Just an additional note (though I’m coming from the Java side of things), in some managed languages the difference between the stack and the heap is also not as significant as they are in a malloced, manual language. E.g. in case of Java, there is a specific region called the thread-local allocation buffer. This is a region where most objects get allocated to, then the ones that are still alive are moved to an older generation, while the rest is cleared (and used as basically an arena allocator). This is only owned by a single thread, no locks, regularly in cache, there is no real difference to “the stack” from a hardware perspective, like nothing is fundamentally different about the stack.
I really wish JDK had some API for hardware intrinsics.

Hopefully we get something soon as the Vector API is coming (7th incubator version rolling on) https://openjdk.org/jeps/460

Though the Vector API is pending on Valhalla to get far enough (it won't leave incubator until the necessary parts of Valhalla are in preview stage)

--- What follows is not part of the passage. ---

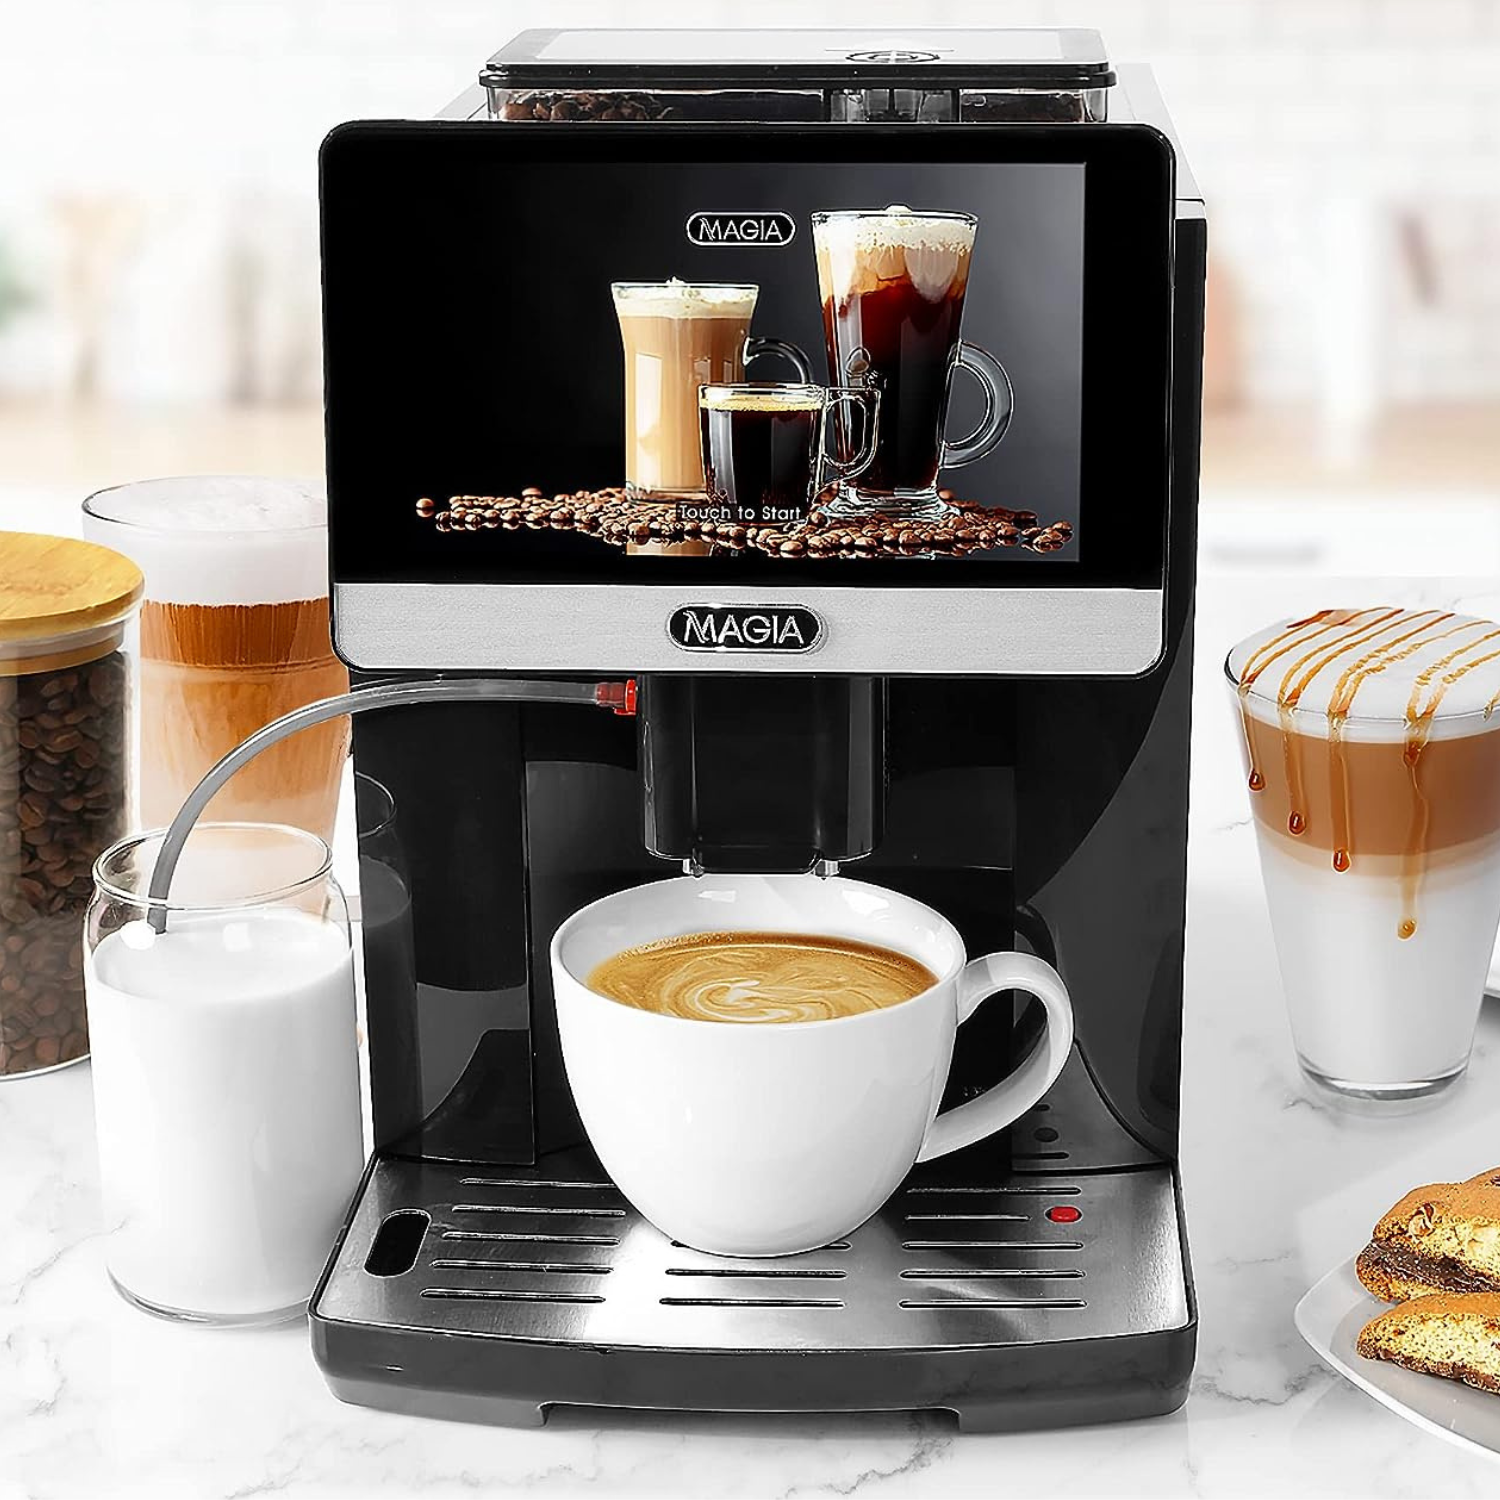 Why Choose Our Zulay Magia Super Automatic Espresso Machine?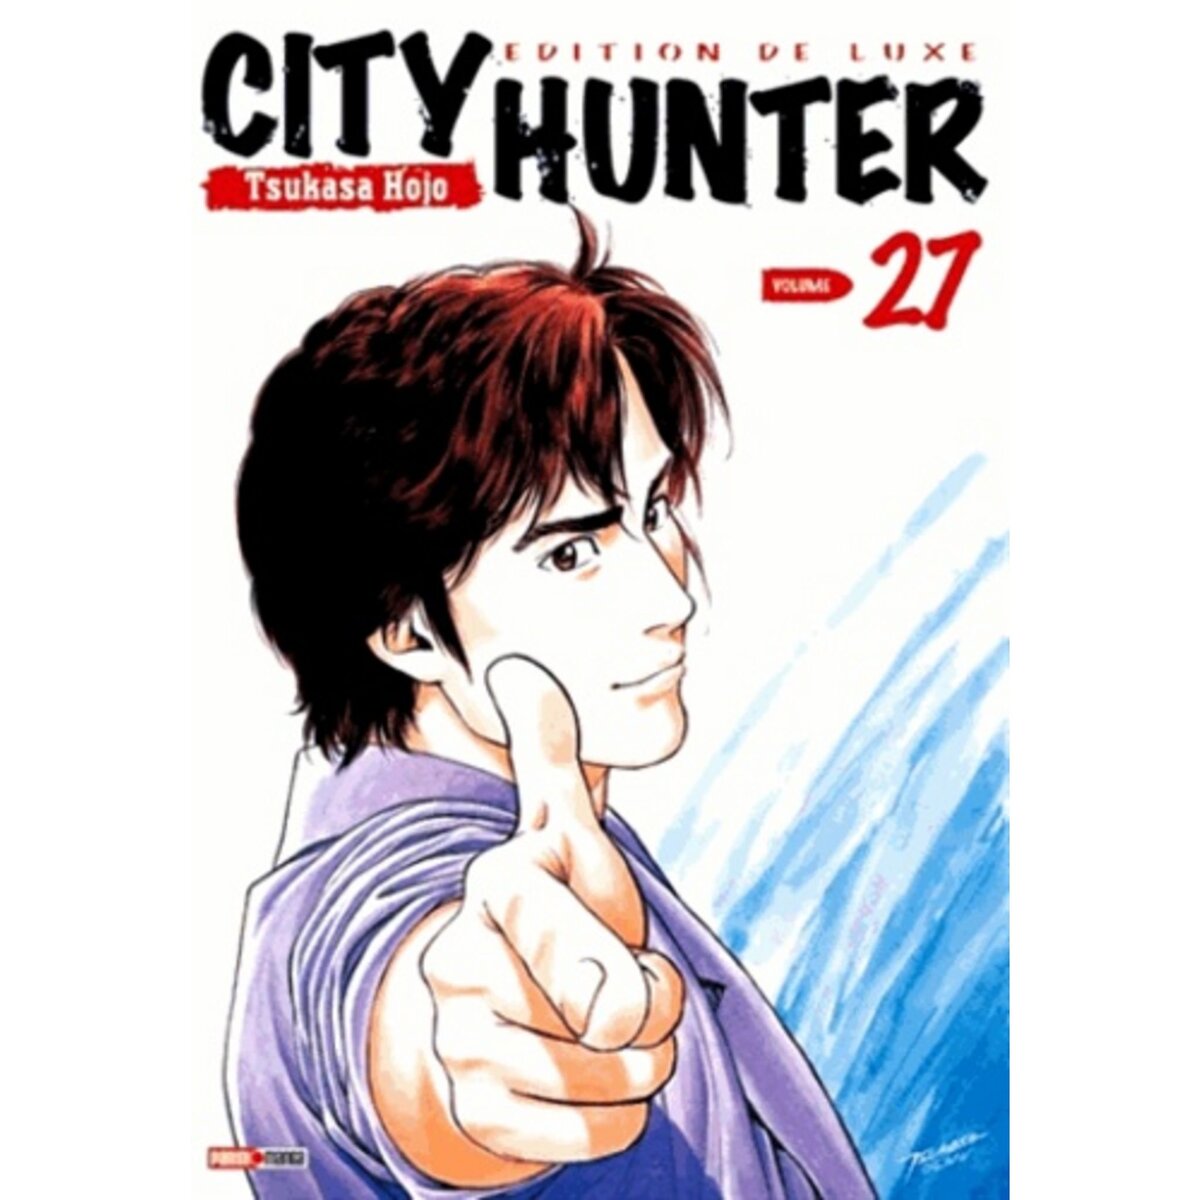  CITY HUNTER (NICKY LARSON) TOME 27 . EDITION DE LUXE, Hojo Tsukasa

Some alternative implementations like PTC and Aicas do, for the Real Time Java implementation.
Vector API is very far from being hardware intrinsics. Unfortunately for Java programmers, it’s merely a least common denominator of SIMD instructions across different ISAs. This makes the feature very limited by design, IMO borderline useless.
Yeah while not great it is still a step in the right direction (giving control to the developer).

Before this in the OpenJDK the developer had exactly 0 control. You just wrote code and hoped JDK would slap in vectorization etc.

This depends on the implementation under the hood and I'd say that the ability to use SIMD even at less than peak efficiency is better than not being able to use it at all.
For some problems, sticking to the SIMD subset exposed to Java might be slower than no SIMD at all.

Example: https://news.ycombinator.com/item?id=36624240 The linked C++ code is easily portable to C# because hardware intrinsics, but not to Java because nothing similar to _mm256_sad_epu8 is available there.

I wonder if .NET related submissions get score penalty on HN, the posts almost never manage to reach front-page or stay there for any meaningful period of time despite the score.
I don't think so, it’s just a polarising ecosystem. I worked in the .net for over 12 years and im so happy to be out. There’s nothing they could add to their language or tooling to entice me back.
Which ecosystem are you switching to? (this better not be Go which is strictly worse)
And if you had to defend your position with arguments, what would the big ones be?
> AVX-512 is a new feature set provided for x86 and x64 computers.

Is it really possible to use AVX512 instructions from x86_32 mode?

Yes. You're just limited to eight vector registers.